About this task =
From the records, pick out and copy each line containing "Stock".

Records from a dataset
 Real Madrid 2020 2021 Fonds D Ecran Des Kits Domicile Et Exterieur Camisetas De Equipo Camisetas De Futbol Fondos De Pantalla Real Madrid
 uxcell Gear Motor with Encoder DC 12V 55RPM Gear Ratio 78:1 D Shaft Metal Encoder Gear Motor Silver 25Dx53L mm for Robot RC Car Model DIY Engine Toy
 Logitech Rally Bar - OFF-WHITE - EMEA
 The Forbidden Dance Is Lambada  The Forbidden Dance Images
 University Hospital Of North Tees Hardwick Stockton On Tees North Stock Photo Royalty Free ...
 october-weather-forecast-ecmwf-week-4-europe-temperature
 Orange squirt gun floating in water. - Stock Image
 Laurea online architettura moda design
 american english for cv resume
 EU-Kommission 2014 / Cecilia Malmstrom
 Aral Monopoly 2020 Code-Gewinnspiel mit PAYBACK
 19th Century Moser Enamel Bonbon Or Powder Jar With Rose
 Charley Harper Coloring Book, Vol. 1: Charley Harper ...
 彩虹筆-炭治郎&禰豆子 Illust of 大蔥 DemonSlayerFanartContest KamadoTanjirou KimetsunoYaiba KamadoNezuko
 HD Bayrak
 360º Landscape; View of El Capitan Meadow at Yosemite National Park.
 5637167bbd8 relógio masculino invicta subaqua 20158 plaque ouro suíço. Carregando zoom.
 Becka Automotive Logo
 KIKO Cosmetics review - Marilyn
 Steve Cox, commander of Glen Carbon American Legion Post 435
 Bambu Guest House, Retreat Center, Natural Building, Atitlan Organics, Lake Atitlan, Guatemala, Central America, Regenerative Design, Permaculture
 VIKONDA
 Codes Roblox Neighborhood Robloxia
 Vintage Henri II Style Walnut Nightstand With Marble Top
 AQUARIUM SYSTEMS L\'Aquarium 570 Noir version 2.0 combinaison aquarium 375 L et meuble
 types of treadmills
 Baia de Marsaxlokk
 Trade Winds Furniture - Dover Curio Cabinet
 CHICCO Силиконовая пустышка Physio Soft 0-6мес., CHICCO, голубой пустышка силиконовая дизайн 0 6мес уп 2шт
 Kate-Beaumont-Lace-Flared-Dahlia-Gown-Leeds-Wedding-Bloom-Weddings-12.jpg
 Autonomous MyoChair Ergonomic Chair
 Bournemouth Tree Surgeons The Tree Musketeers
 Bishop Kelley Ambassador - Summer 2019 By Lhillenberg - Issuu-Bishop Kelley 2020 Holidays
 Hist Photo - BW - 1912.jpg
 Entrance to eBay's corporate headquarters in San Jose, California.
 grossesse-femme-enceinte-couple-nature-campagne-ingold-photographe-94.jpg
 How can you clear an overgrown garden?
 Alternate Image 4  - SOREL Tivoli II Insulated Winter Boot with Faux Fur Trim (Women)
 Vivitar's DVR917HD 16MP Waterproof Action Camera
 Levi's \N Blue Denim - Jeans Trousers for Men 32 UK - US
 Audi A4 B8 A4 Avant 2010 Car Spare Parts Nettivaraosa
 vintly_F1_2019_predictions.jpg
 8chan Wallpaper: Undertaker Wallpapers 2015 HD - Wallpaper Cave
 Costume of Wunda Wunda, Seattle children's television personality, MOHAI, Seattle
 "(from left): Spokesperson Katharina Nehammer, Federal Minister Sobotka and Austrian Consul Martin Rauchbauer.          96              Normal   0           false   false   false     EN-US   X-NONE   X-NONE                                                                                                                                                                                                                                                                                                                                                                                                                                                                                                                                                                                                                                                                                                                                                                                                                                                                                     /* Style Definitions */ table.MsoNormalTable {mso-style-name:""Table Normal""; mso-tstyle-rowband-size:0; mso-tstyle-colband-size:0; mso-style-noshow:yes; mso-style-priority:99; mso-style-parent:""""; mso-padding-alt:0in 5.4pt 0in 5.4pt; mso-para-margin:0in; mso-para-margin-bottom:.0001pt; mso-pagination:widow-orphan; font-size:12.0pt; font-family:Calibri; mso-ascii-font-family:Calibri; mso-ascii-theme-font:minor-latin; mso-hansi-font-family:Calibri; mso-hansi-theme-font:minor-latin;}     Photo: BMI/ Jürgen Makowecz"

Solution to the problem =
 University Hospital Of North Tees Hardwick Stockton On Tees North Stock Photo Royalty Free ...
 Orange squirt gun floating in water. - Stock Image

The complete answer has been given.